Saturday, April 4, 2015

Review::Suspended Earth by M.R. Mortimer

Suspended EarthSuspended Earth by M.R. Mortimer

My rating: 3 of 5 stars

Suspended Earth by M.R. Mortimer

Cyberpunk has been around since well before someone coined the term; sometimes lightly touched on by such greats as John Brunner and Philip K. Dick and in some cases examined to the extreme. But usually what stands out in the mind when another cyber punk novel comes around is; oh another matrix book. I suppose some might nod more toward William Gibson and say another Johnny Mnemonic book. Well they might pick one of his several other books. This book starts out a lot like the Matrix and eventually leads to a grossly nasty scene where the main character apparently explodes all across a room in a bloody mess as he vanishes from the net.

Fortunately we right away get images of what is: as opposed to what appears to be: and there are scenes of a caretaker with tanks of people in suspension with tubes hanging from them. Inside the Caretaker Generation Facility is the single caretaker who is getting ready to be replaced. His replacement apparently comes-seamlessly out of the many rows of potential candidates-and the caretakers own retirement to an incinerator is all done in a placid tone. It's a well orchestrated transfer, all done through the agency of a computer and in just the right number of steps that when the new caretaker goes crazy and nearly destroys some critical panels the old caretaker has already been incinerated and the computer is forced to kill the present caretaker and quickly extract a new caretaker.

Enter Daniel who is yanked out while with his girlfriend; leaving her traumatized in a grizzly room and left to answer questions the police have. Soon, by virtue of the virtual environment she discovers her boyfriend is not who he said he is or maybe even didn't exist and the police begin to suspect she's the victim of a gruesome hoax.

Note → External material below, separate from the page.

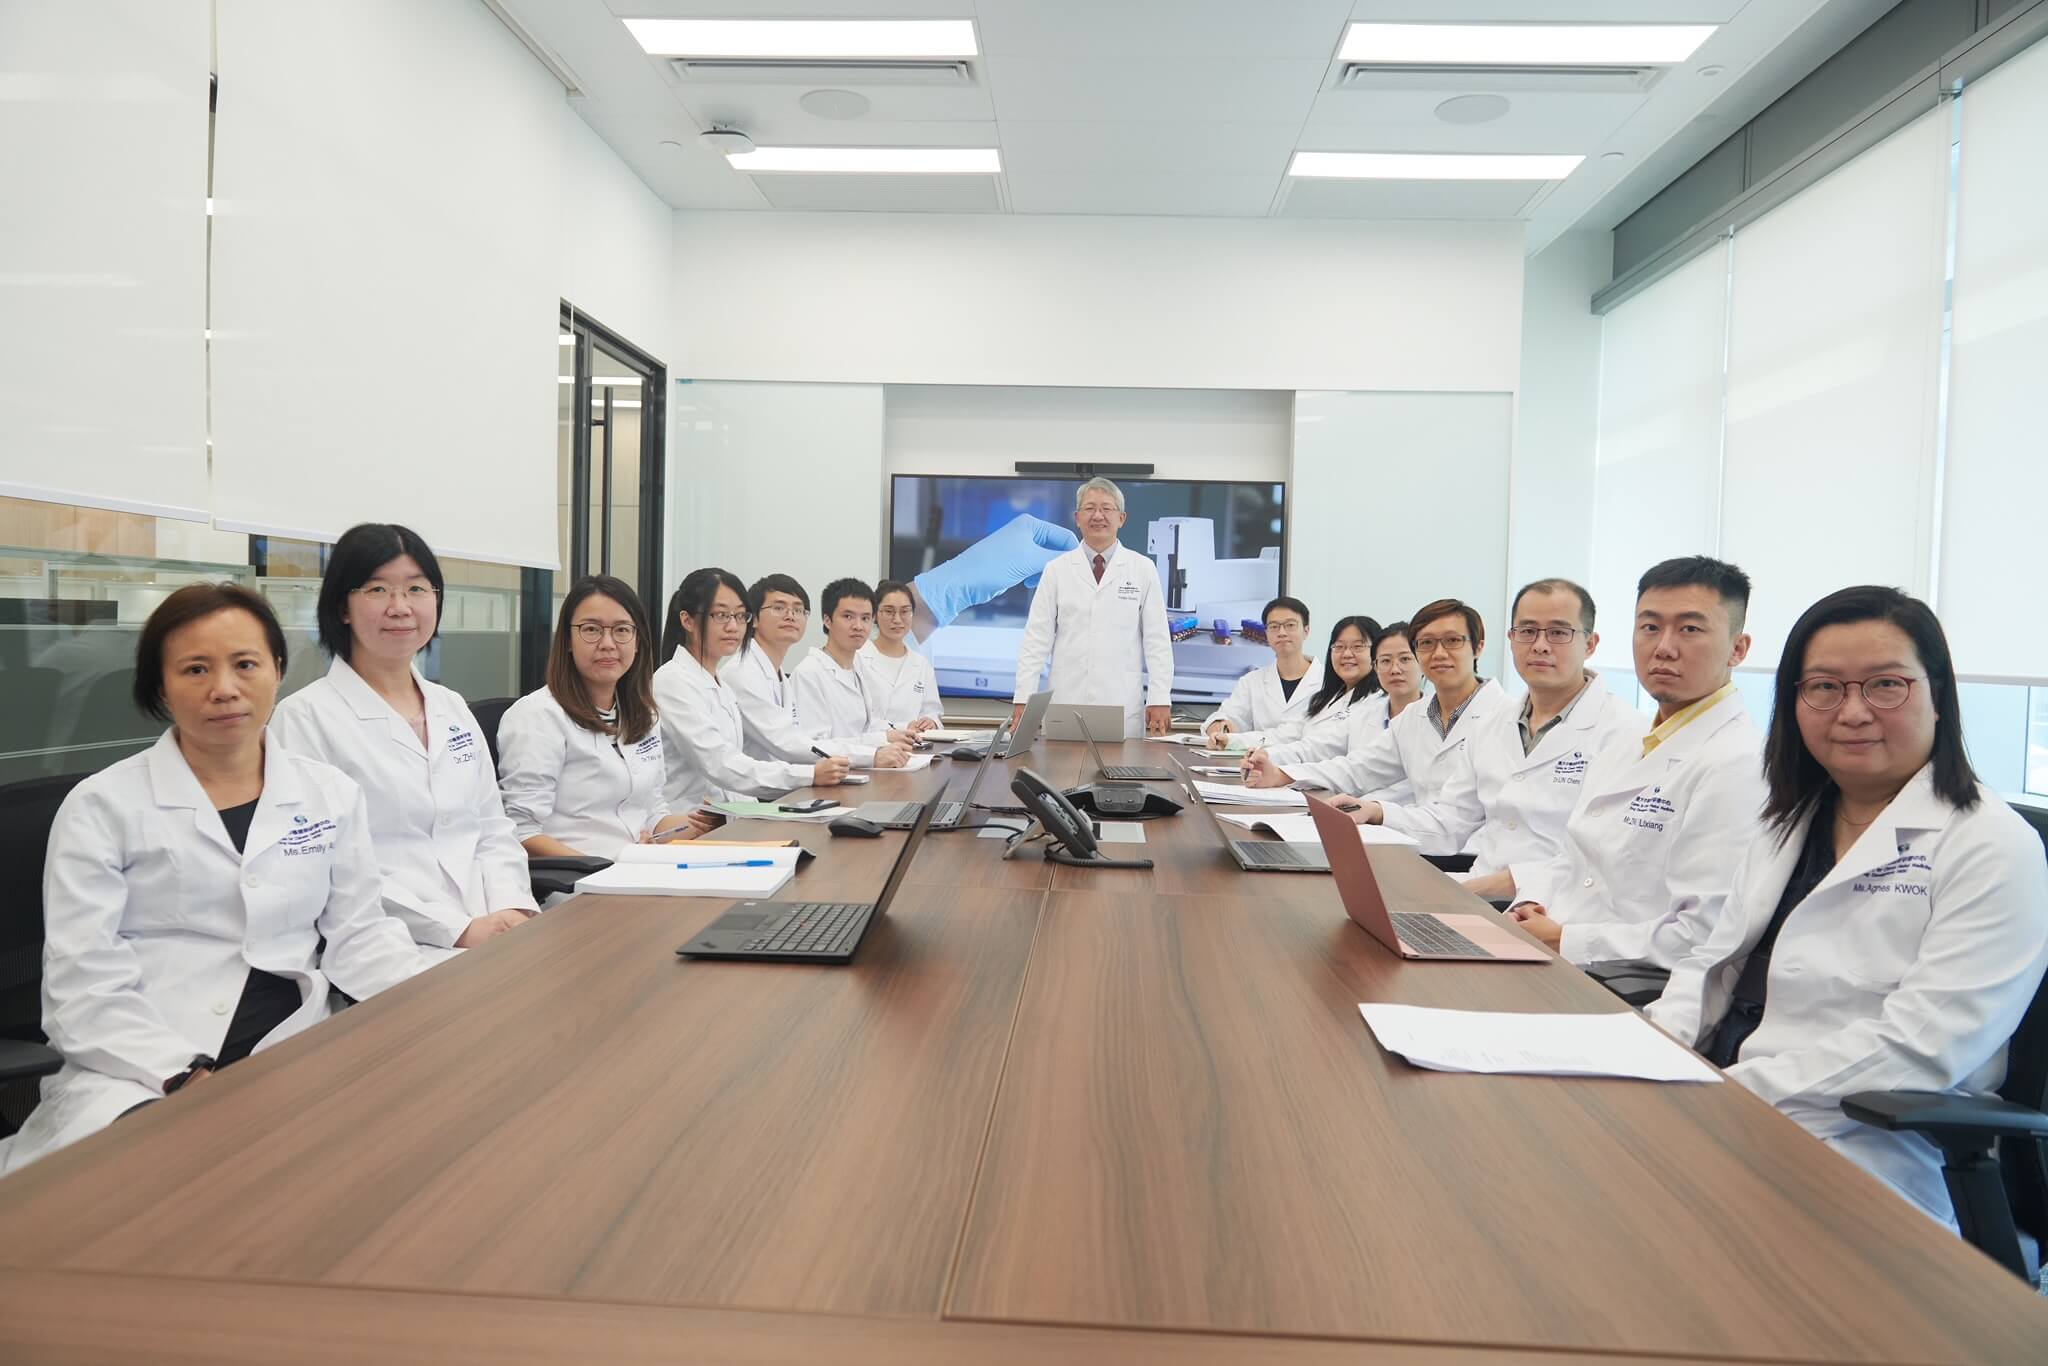 The Centre is established to perform Chinese herbal medicine research in Hong Kong through collaboration with local and international partners.
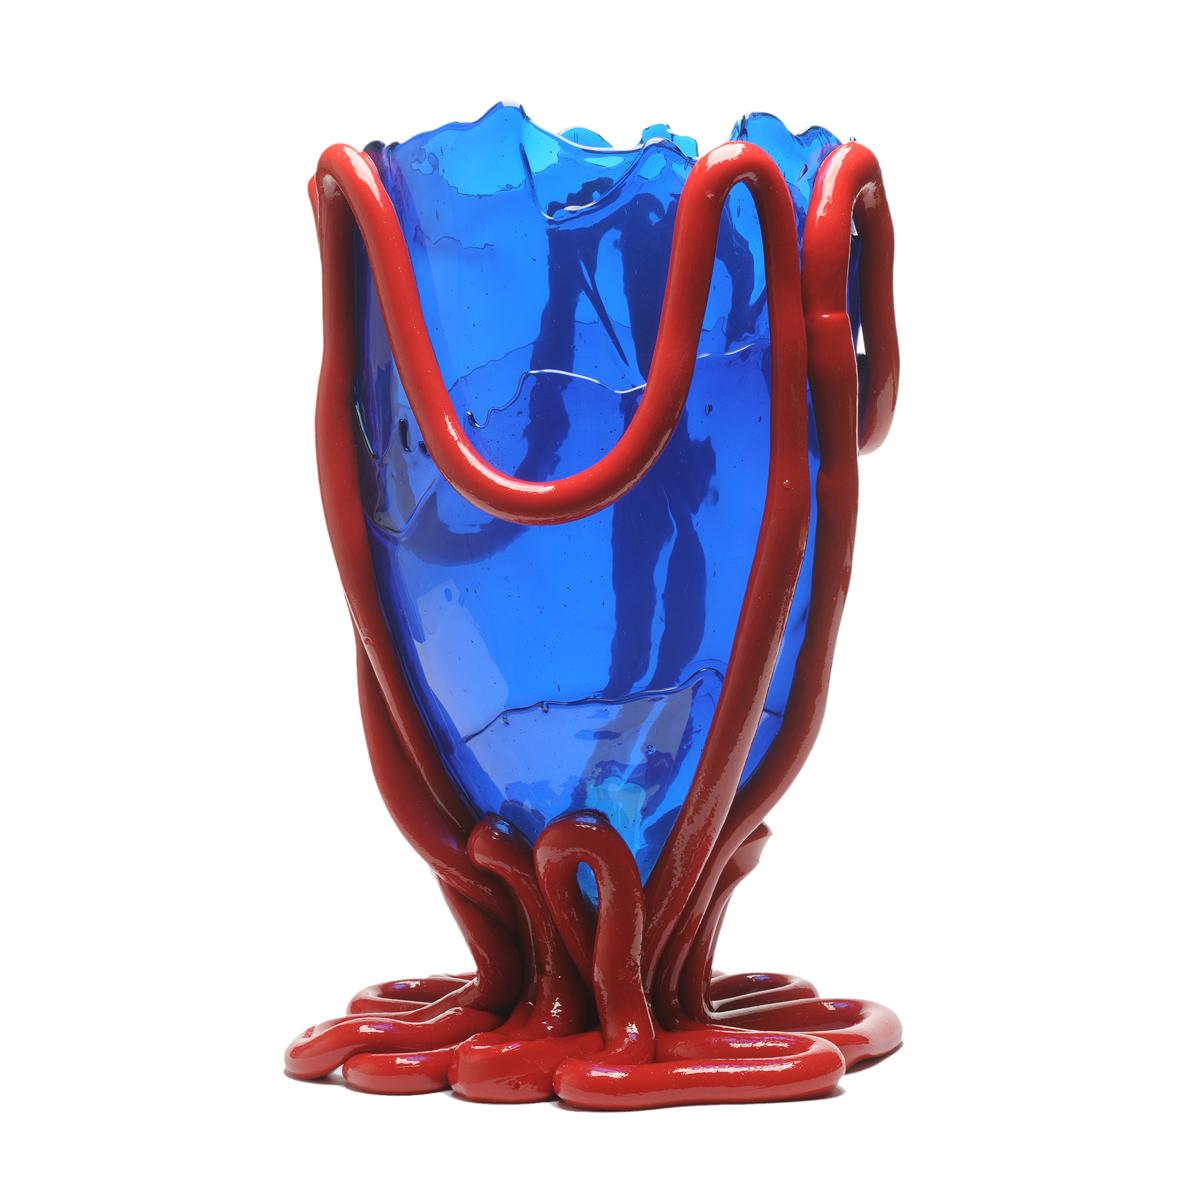 Italian Contemporary Gaetano Pesce Indian Summer XL Vase Soft Resin Blue Red For Sale

In the real world Daniel is confronted with a new reality including the body of the last failed caretaker as warning not to upset the computer. Daniel is left to try to figure out what's going on; but the computer has been programmed to not be very helpful in that area. Fortunately Daniel is a bit of a computer hacker and he begins to examine ways to get past all the safety features and in his efforts to locate his girlfriend and try to contact her he eventually triggers an event that nearly begins the destruction of the virtual world and that would mean the death of everyone in the tanks.

It takes a good portion of the book to get to a point where the people in the virtual world are safe and Daniel and others are able to, through the help of a rogue program previously inserted into the system, remove those who want out and begin to build a force that can investigate what is actually going on. They think they can do this, because there are a multitude of similar facilities in the world that have been programmed to various different historic eras and they are certain that one of them has clues to what might have happened; to have most of the earths population placed in these tanks.

Soon it's discovered that in our exploration of space we came across a race of beings who found that the human body contains a resource that they need and through some form of sinister alliance with humans have created these massive farms to keep people like cattle and oblivious to the real world as they live their lives in a virtual world.

This is when the real story begins and the struggle for mankind to regain it's foothold on its own planet.

This is a mostly well written story that appears to be a Prequel to the Author's previous work that takes place in the same universe. If I have any complaint it would be to the dozen or so times the sentence structure was convoluted enough to confuse me. They weren’t passive sentences, but they were just as difficult to read as any of the worst of those.

Because this was apparently written long before the others and later altered to fit into the front end of his series of books it seems appropriate enough to become a debut novel of a sort with a possibility of having a lot of his younger raw talent exposed. I have yet to read the others in the series, but this one is done well enough to entice me into finding out what else goes on in the strange universe as Earth regains its freedom.

This is fair SFF and some CyberPunk with a bit of a twist and lots of potential for future stories both in the real and the virtual world.